これはまさか小津パロ最高峰作品(?)、市川崑の『あなたと私の合い言葉 さようなら、今日は』逆パターン!?奇しくもこの2作、同じ年に製作されて、キャストまでカブりまくっている。
づん

並べてみるとかなり興味深い2作だし、崑ちゃんのパロっぷりには大いに楽しませてもらった。けれどもこちらの方は、個人的にだけど、小津作品として面白くない。執拗に画面に赤を配置している事でようやく小津を感じる程度で、大映・伊豆・関西弁・宮川カメラなど、小津らしさがあまり感じられない取り合わせに違和感を感じてしまったんです。恐らくほとんどの人がこれらに違和感を感じるんでしょうけど、それを受け入れられるか受け入れられないかで分かれるんでしょうね。

縦横無尽に動くカメラは面白い。けれども小津作品を観ている私にはビックリしてしまうんです。また同じ海沿いの街でも鎌倉と伊豆では全然空気が違う。そして当然ながら同じ棒読みでも標準語と関西弁ではやっぱり全然響き方が違う。この作品の持っている猥雑さを小津自身持て余していたのではないかとすら思ってしまう。けれどもそれは、一つの映画として面白くない訳ではないんですよね。…難しい。

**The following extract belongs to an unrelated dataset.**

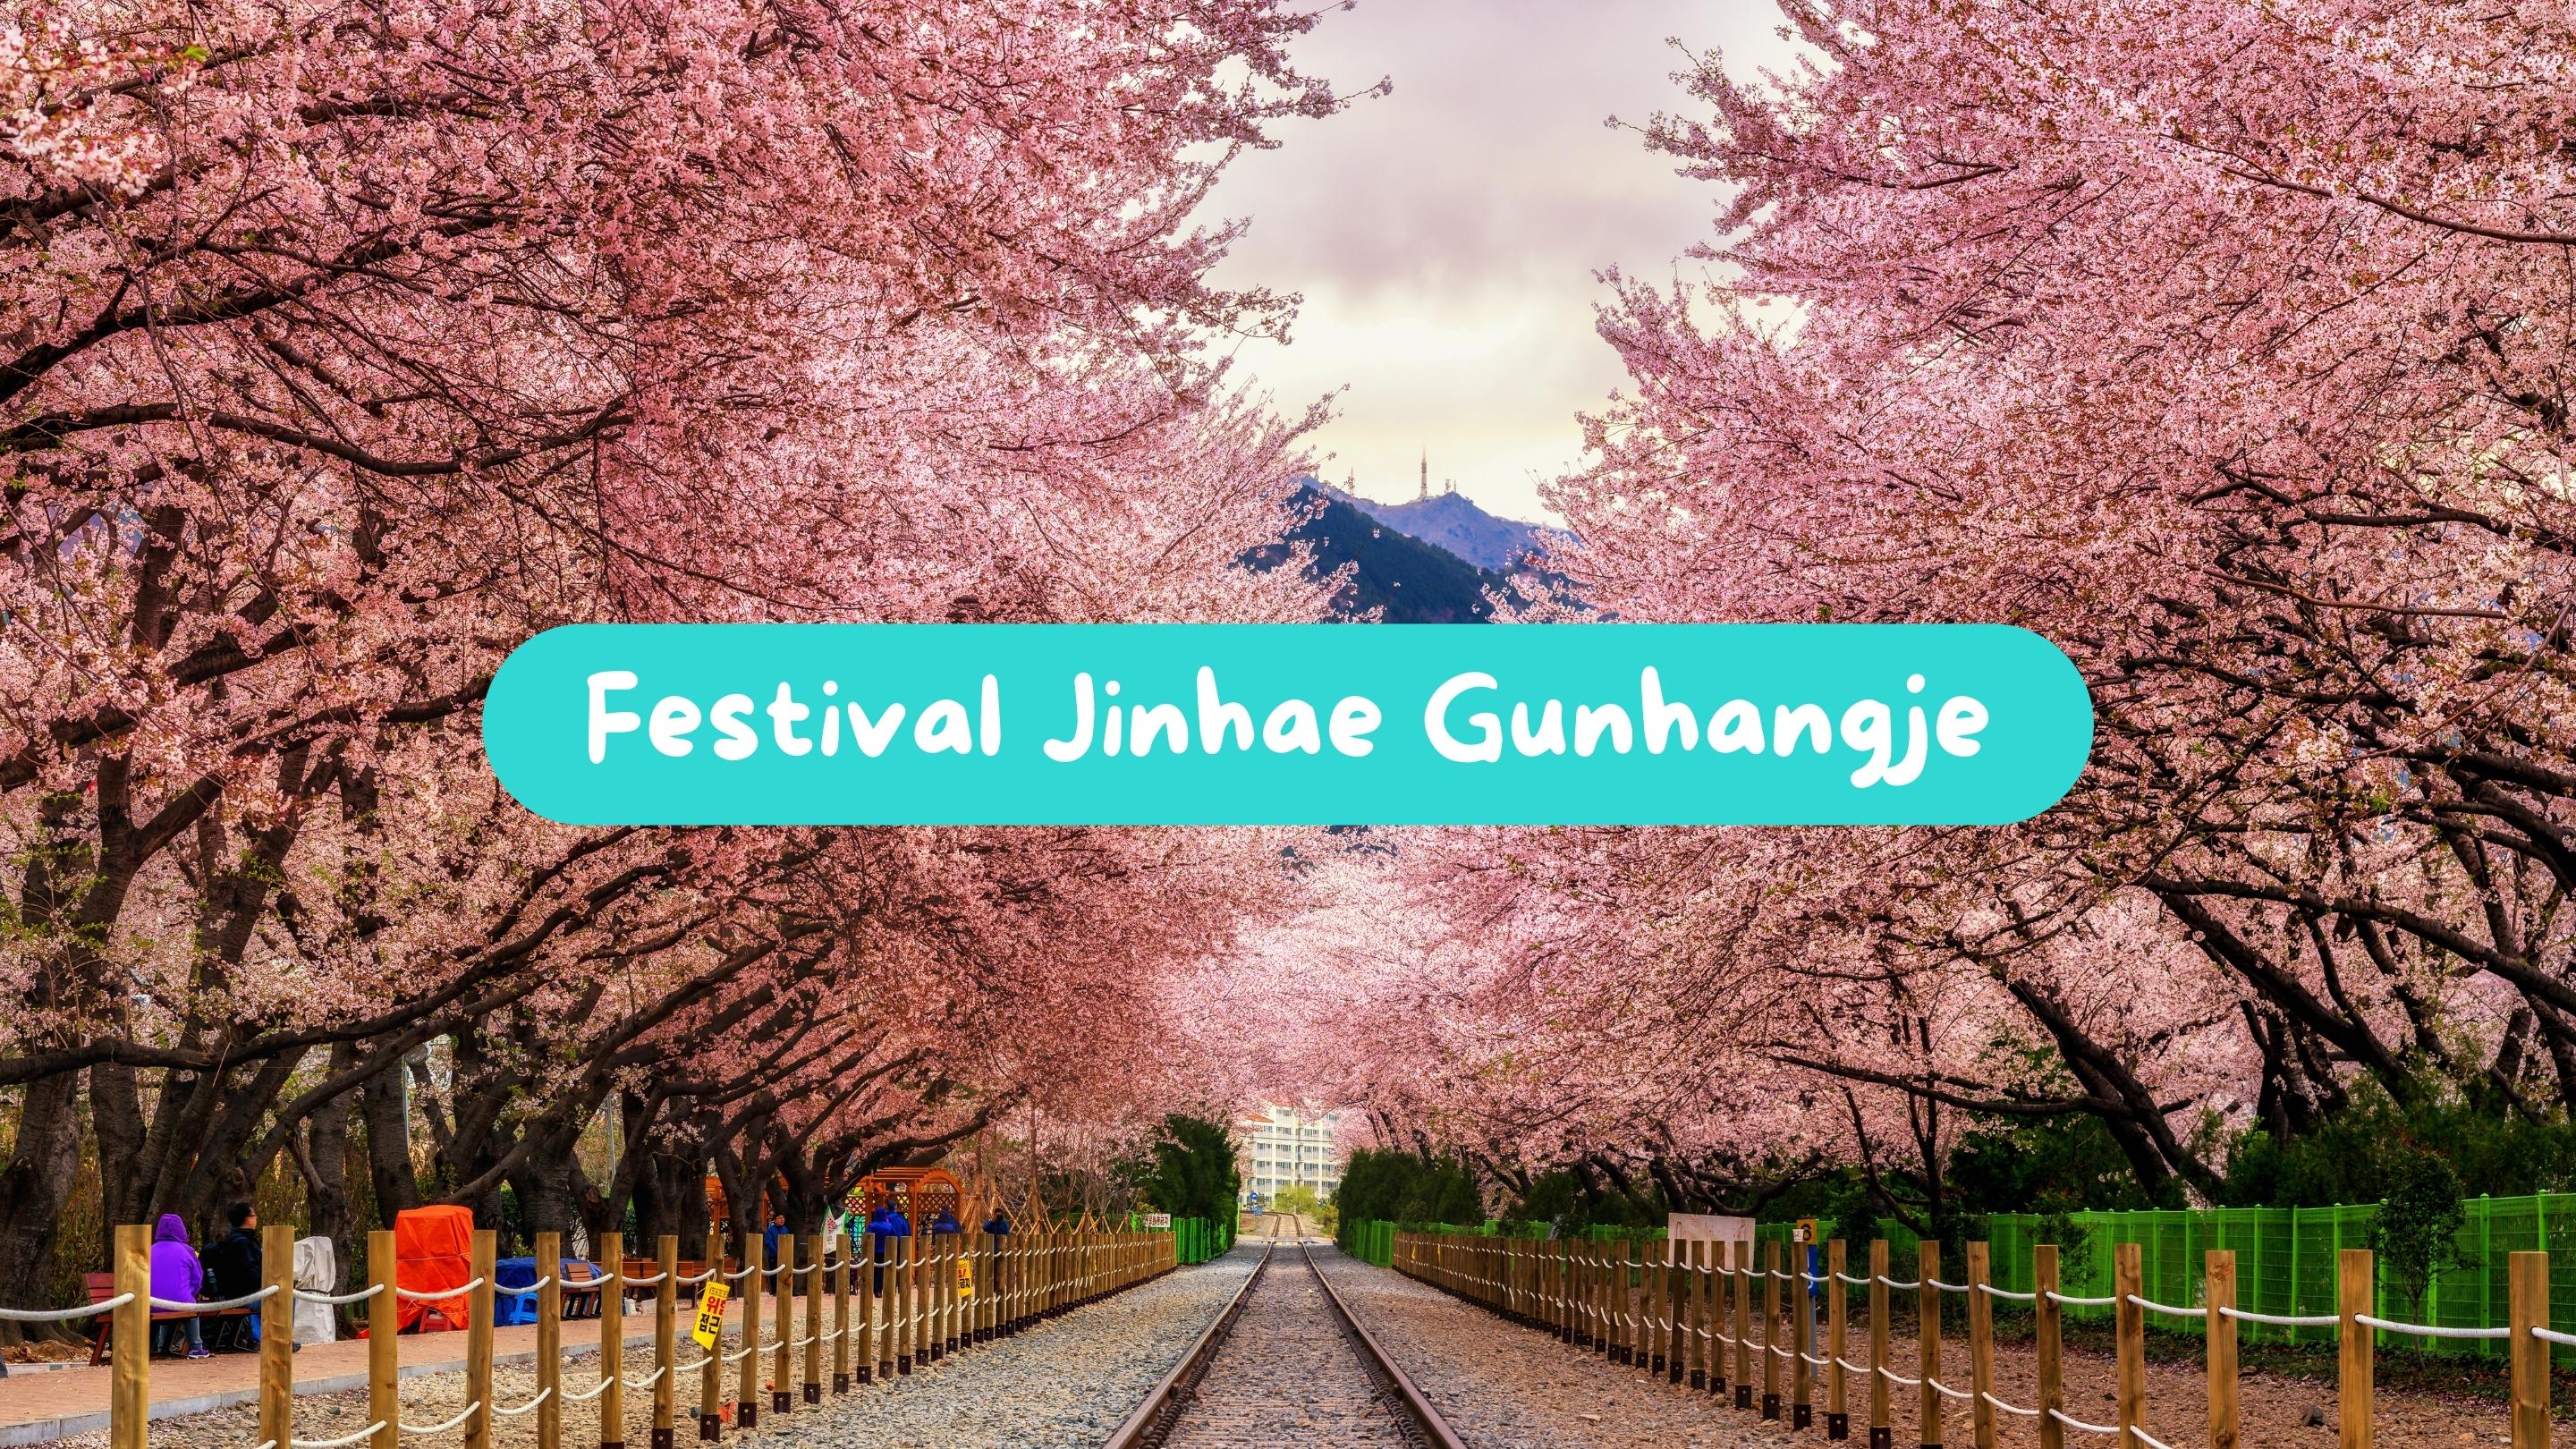 festival jinhae gunhangje

軒下の喧嘩シーンのスゲェ事と言ったらなかったし、杉村春子の、今までにない落ち着いた色っぽさにはドキっとしたし、浴衣の柄のモダンっぷりには頭がクラクラした。ラストも好き。点数見てもらえれば分かるとおり、かなり楽しんで見た作品なんです。でも小津作品として見たら面白くない。(しつこい)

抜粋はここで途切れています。